Oil absorption and color characteristics of fried potatoes.

Frying environment	Oil uptake (%)	L*	a*	b*
Oleogel	10.29 ± 0.74B	66.29 ± 0.03A	−1.45 ± 0.04B	25.03 ± 0.03B
EVOO	14.51 ± 0.93A	65.10 ± 0.26B	3.41 ± 0.13A	32.06 ± 0.42A

Note: Mean values with same letters in the same column are not statistically significant (p > 0.05). EVOO: Extra virgin olive oil.

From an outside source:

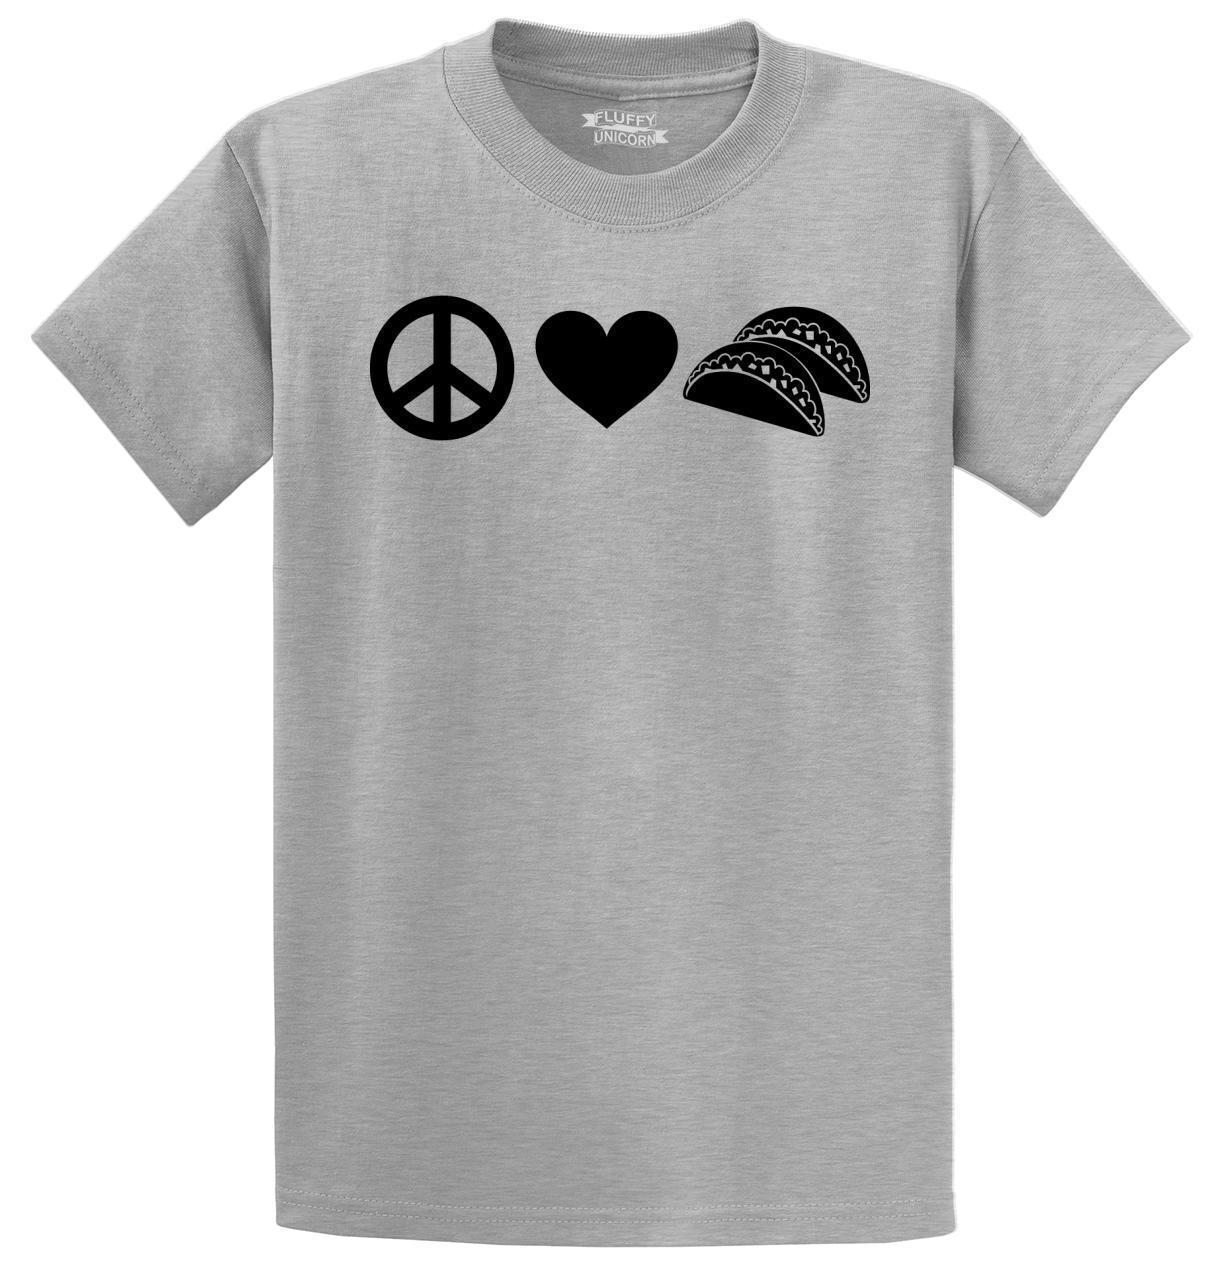 802bcc7f Mens Peace Love Tacos T Shirt Food Party Hippie Shirt Men Women Unisex  Fashion Tshirt Printing Tee Shirts Cool Funny T Shirts From  Designprinttshirts05, ...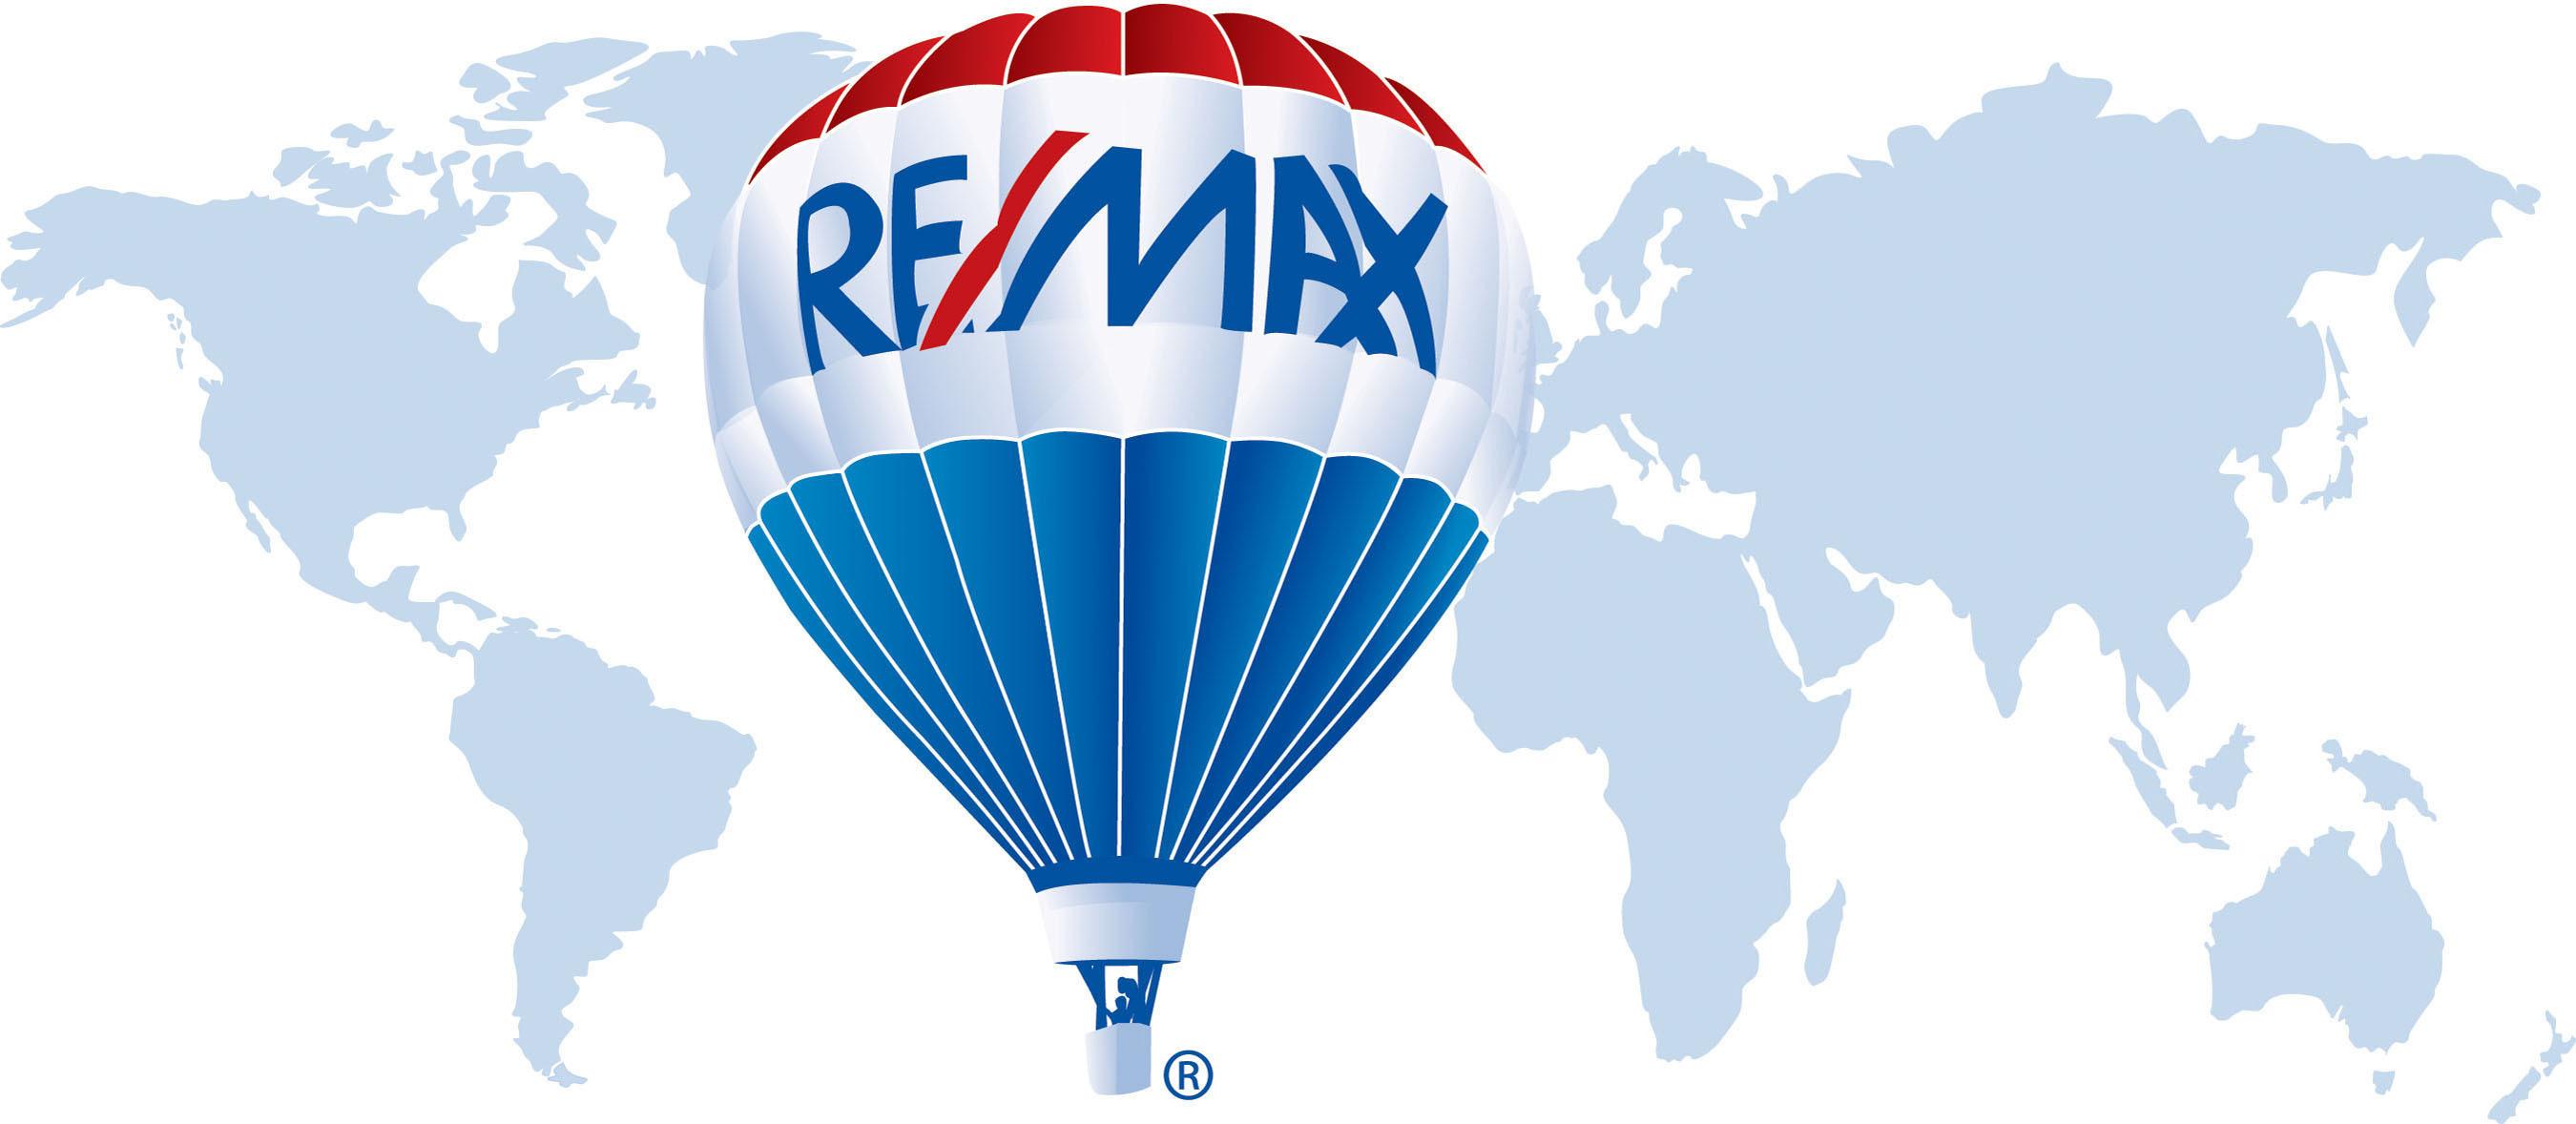 RE/MAX, LLC Logo. (PRNewsFoto/RE/MAX International, Inc.)

Furthermore, it was observed that the oil absorption rate decreased as the wax concentration in oleogels increased (Chauhan et al. 2022). In their study, Zubairee et al. (2024) examined the oil uptake of fried donuts using oleogel and sunflower oil as frying media. The results indicated that donuts fried in oleogel absorbed 37.8% less oil than those fried in sunflower oil. The results demonstrate that oleogel effectively reduces oil absorption when used as a frying medium in the deep‐fat frying process. The EVOO–CDW oleogel significantly reduced oil absorption in fried potatoes (p < 0.05), confirming its potential to produce lower‐calorie fried products. This finding aligns with prior reports and underscores its industrial relevance for developing healthier fried foods.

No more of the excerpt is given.